Determining which of these genes were implicated in resistance required a second step—a genome-wide association study, or GWAS. The GWAS search drew on HSPH researchers’ expertise in molecular biology and drug resistance, combined with the Broad’s prowess in gene sequencing and computational biology.
The GWAS was designed to home in on genetic variants present in parasites resistant to 13 antimalarial drugs, but not present in drug-sensitive ones. The scientists constructed a fine-resolution map of more than 17,000 points of reference, called SNPs, spaced regularly throughout the genomes; it was the densest SNP array yet applied to the malaria parasite.
“We had no idea if it was going to work or not,” Van Tyne said of the two-pronged method. Much to the scientists’ relief, the searches immediately detected a gene for chloroquine resistance that had been discovered previously with older techniques. This validation that they were on the right track “made us very happy when we saw it,” recalls Van Tyne. “It gave us a green light for the rest of the study.”
The GWAS netted several new resistance-associated genes, including one, dubbed PF10-355, that looked like a particularly strong candidate.
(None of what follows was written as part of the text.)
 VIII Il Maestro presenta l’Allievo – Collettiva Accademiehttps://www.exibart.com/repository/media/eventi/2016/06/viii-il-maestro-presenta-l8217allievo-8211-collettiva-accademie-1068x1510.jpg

To test this further, Van Tyne transferred PF10-355 into a drug-sensitive parasite. Sure enough, the addition of the gene increased the parasite’s resistance to three related antimalarial drugs.
Genes to the Globe
Wirth and others involved in the project say the new genomic search tool opens up “endless possibilities” that could lead to improvements in detecting and combating antimalarial resistance.
“The paper we published is just the tip of the iceberg,” explains Van Tyne. With these new genomic tools, researchers can search not only for resistance genes, but also other mutated or variable genes that govern parasitic traits and the different outcomes that infected people experience.
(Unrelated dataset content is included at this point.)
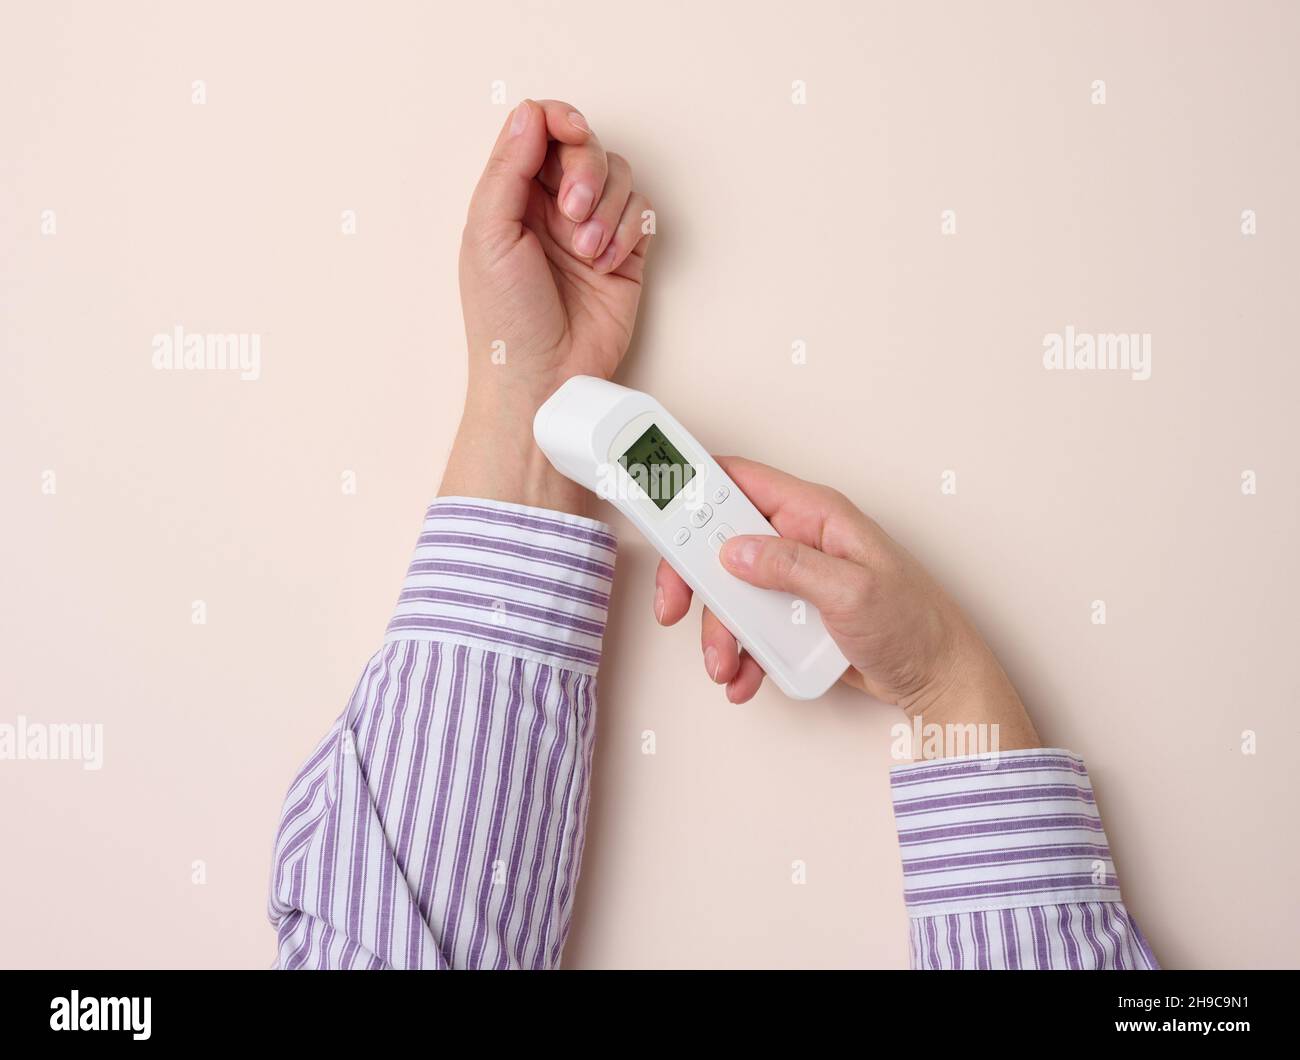 processus de mesure de la température corporelle au poignet avec un  thermomètre sans contact, fond beige Photo Stock - Alamy

Their greatest hope is that distinctive resistance-related mutations could become the basis of simple blood tests, able to be performed in community clinics in Africa, that could determine when a drug like artemisinin is losing its effectiveness in a certain population or geographic area. According to Wirth, “That would tell us that we need to use other drug combinations and implement focused intervention strategies to prevent the spread of resistant parasites.”
And, Van Tyne says, “this would all feed into research that could yield better antimalarial drugs.”
It would be hard to find a better story illustrating Dean Julio Frenk’s “genes to the globe” concept, adds Wirth. “Harvard has the ability to approach a problem like malaria from a fundamental understanding of the biology all the way to global issues like policy, finance, and all the pieces needed to address public health problems.”
Richard Saltus is a Boston-based freelance science journalist.